Éléments transposables et adaptation locale chez les apparentés sauvages du maïs cultivé

par Natalia Martinez

Projet de thèse en Biologie

Sous la direction de Maud Tenaillon.

Thèses en préparation à Paris Saclay en cotutelle avec l'UNAM , dans le cadre de Sciences du Végétal : du gène à l'écosystème , en partenariat avec Génétique Quantitative et Évolution - Le Moulon (laboratoire) , DyGAP: Dynamique du Génome et Adaptation des Plantes cultivées (equipe de recherche) et de Université Paris-Sud (établissement de préparation de la thèse) depuis le 01-10-2015 .


  • Résumé

    La téosinte est le parent le plus proche au maïs cultivé et elle est particulièrement intéressant pour étudier la génomique écologique des populations parce que sa distribution couvrent une vaste gamme des conditions environnementales en devenant idéales pour chercher des évidences d'adaptation local. Nous avons choisi les deux sous-espèces qui sont les plus proches au maïs et qui se trouvent seulement au Mexique : Zea mays ssp. parviglumis, distribué dans conditionnes plus chauds et mésiques sous 1800 m d'altitude et Zea mays ssp. mexicana qui habitent à une altitude plus haut où les conditionnes sont plus sèches et froids. Nous explorerons la variabilité génomique des éléments transposables (ET). Ils sont des éléments génétiques égoïstes qui ont ou ont eu la capacité de se déplacer entre différentes régions du génome, ils constituent le ~85% du génome du maïs et contribuent à la variabilité fonctionnel du génome via inactivation génétique et modulation de la expression génique.

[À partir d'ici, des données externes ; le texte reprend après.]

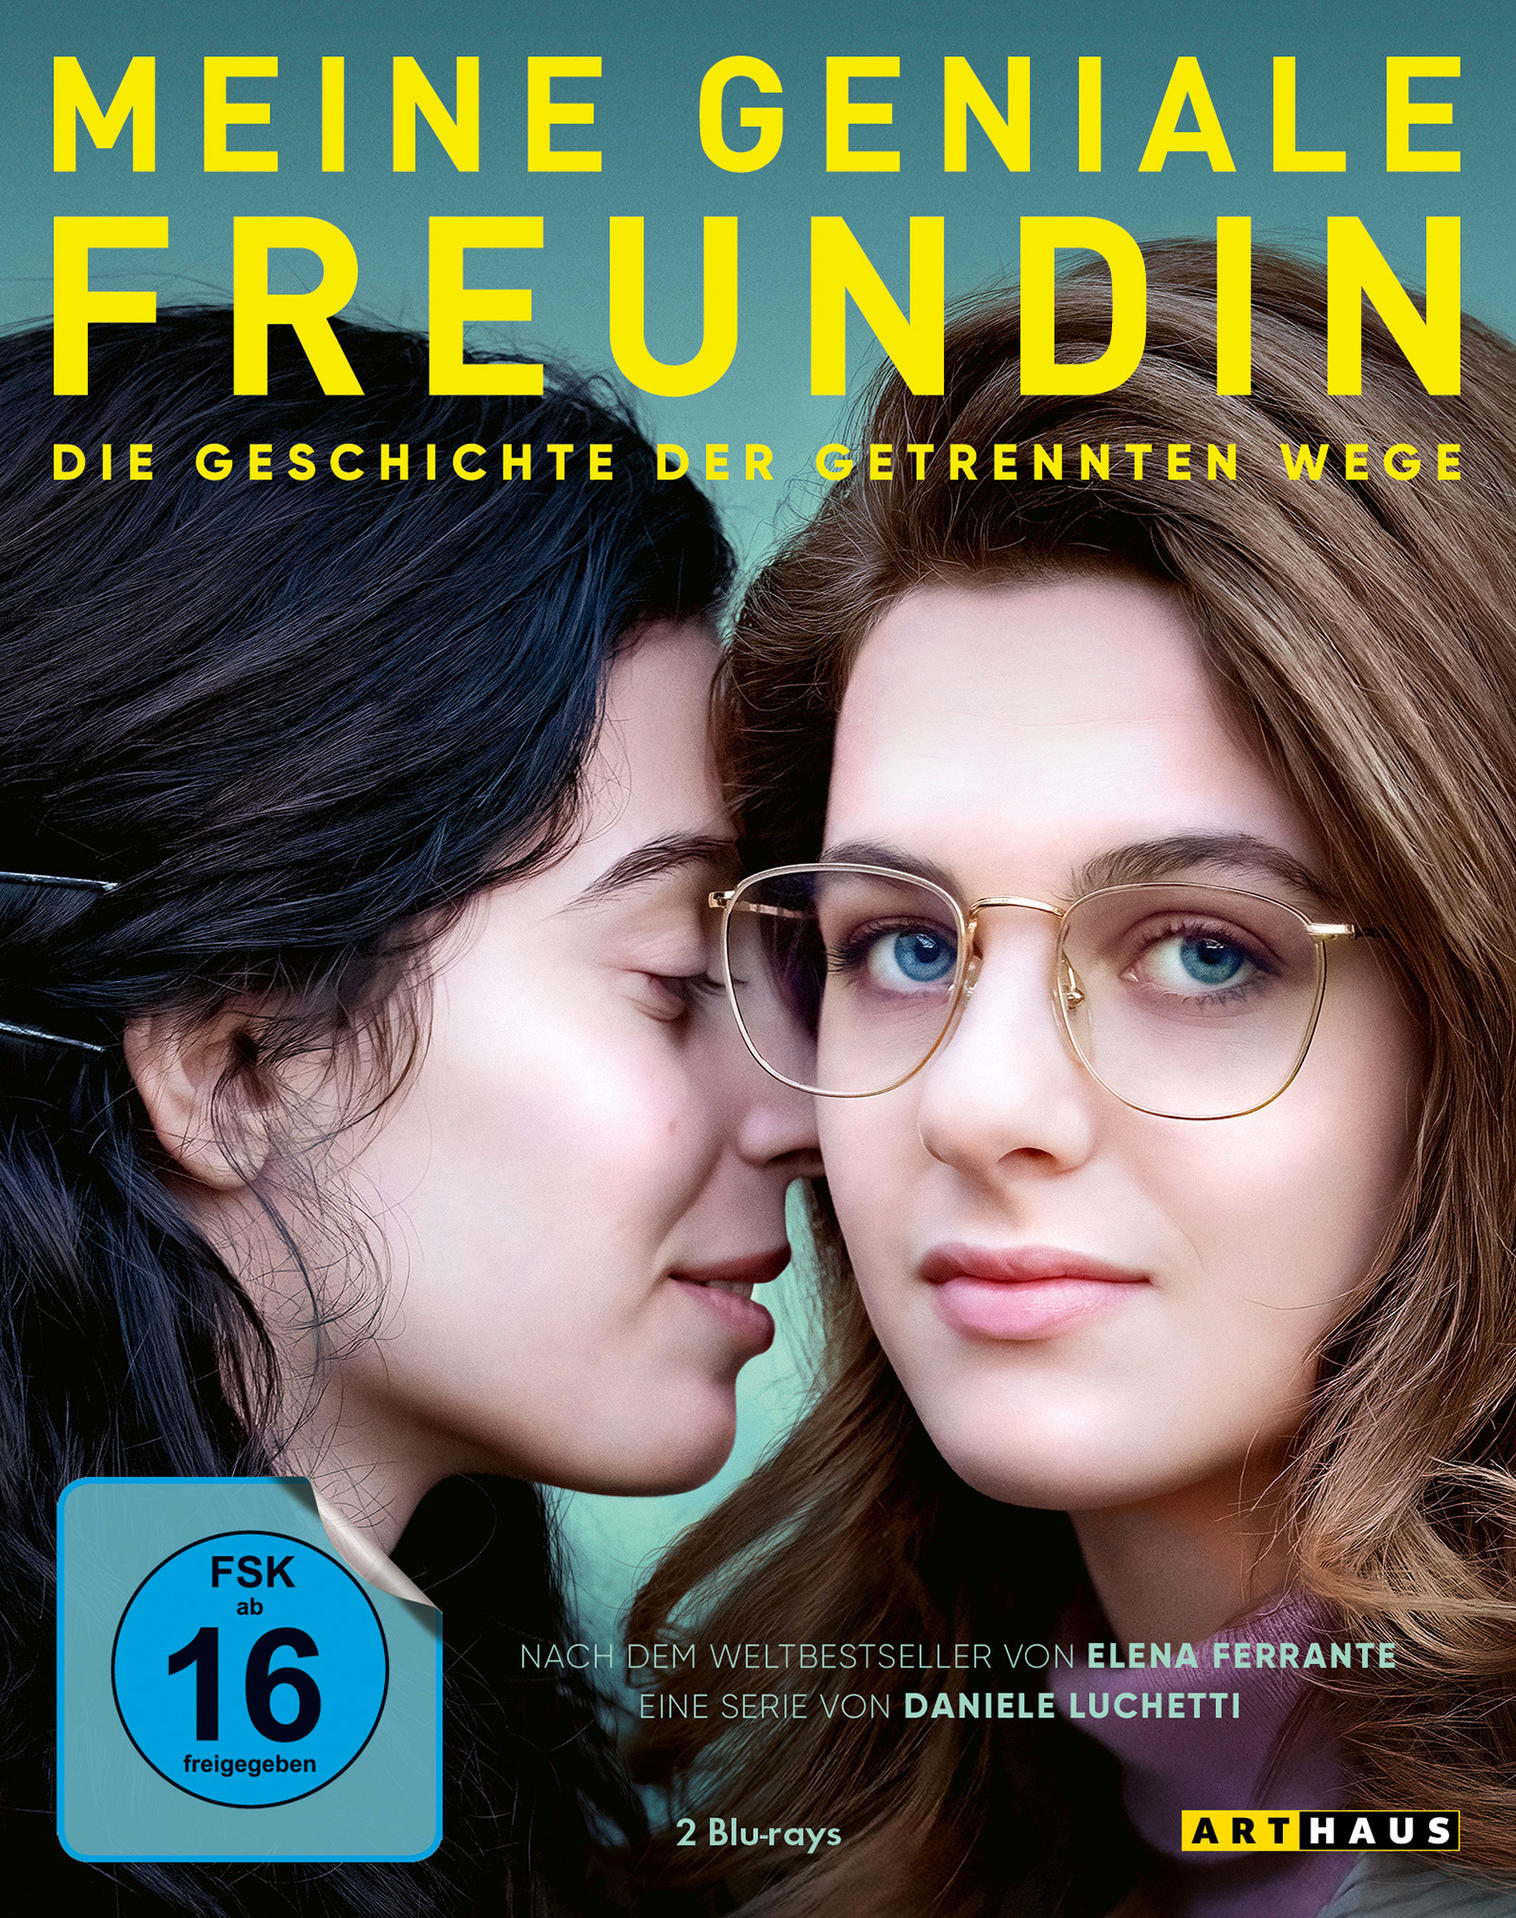 der Geschichte geniale getrennten Wege - Freundin 3 Die Meine Blu-ray Staffel -

Pour évaluer la contribution des ET en processus adaptatifs passées et présents nous prendrons insertions des ET de données de séquençage haut débit par six populations obtenues du échantillonnage stratégique sur 31 populations correspondant à deux gradients d'altitude à Mexique. Parmi ces ET nous choisirons un sus-échantillonnage lesquels semblent de être sous sélection d'accord as modélisations coalescentes, corrélations avec variables environnementales et scannes génomiques pour valeurs extrêmes de FST. Pour eux nous dessinerons des amorces pour amplifier toutes nos populations via PCR et pouvoir faire une comparaison dedans et entre gradients. Nous ferons aussi une analyse d'association entre les ET génotypés avec des caractères phénotypiques que notre équipe a déjà mesuré sur une expérience de jardin commun avec 11 populations. Comme l'histoire démographique peut gérer des résultats de fréquence similaires pour effet de la dérive génétique, nous essaierons de contrôler pour la structure des populations avec marqueurs de répétition simple (SSR) sur nos échantillons.

  • Titre traduit

    Transposable elements and local adaptation in teosintes, the closest wild relatives of maize.


  • Résumé

    Ecological population genomics in teosintes, the closest relatives of maize (Zea mays ssp. mays), proves particularly interesting because their distribution spans a wide range of environmental conditions making them ideal to search for evidence of local adaptation. We have chosen the two subspecies which are closest to maize and are found only in Mexico: Zea mays ssp. parviglumis, distributed in warmer and mesic conditions below 1800m and Zea mays ssp. mexicana, thriving in drier and cooler conditions at higher altitude. We will explore transposable element (TEs) genome variability. These selfish genetic elements have or have had the capacity to move between different regions of the genome, they constitute an ~85% of maize genome and they contribute to functional genomic variability via gene inactivation and modulation of gene expression. In order to evaluate the contribution of TEs in past and present adaptive processes in our two teosinte subspecies we will retrieve TE insertions from High Throughput Sequencing (HTS) data for 6 populations from a strategic sampling of 31 populations throughout two altitudinal gradients in Mexico. From these we shall draw a subset as candidates of being under selection by means of coalescent modeling, environmental correlation analyses and an FST outlier genome scans. For these, we will design specific primers for PCR amplification in a larger sample encompassing the whole gradient in order to perform a clinal analyses. We will also undertake an association analysis between genotyped TE candidates and phenotypic traits that our team has measured in a common garden experiment carried out with a subset of 11 populations. As demographic history can generate similar frequency patterns between populations through genetic drift, we will attempt to control for population structure by genotyping an array of simple sequence repeat markers on our sample.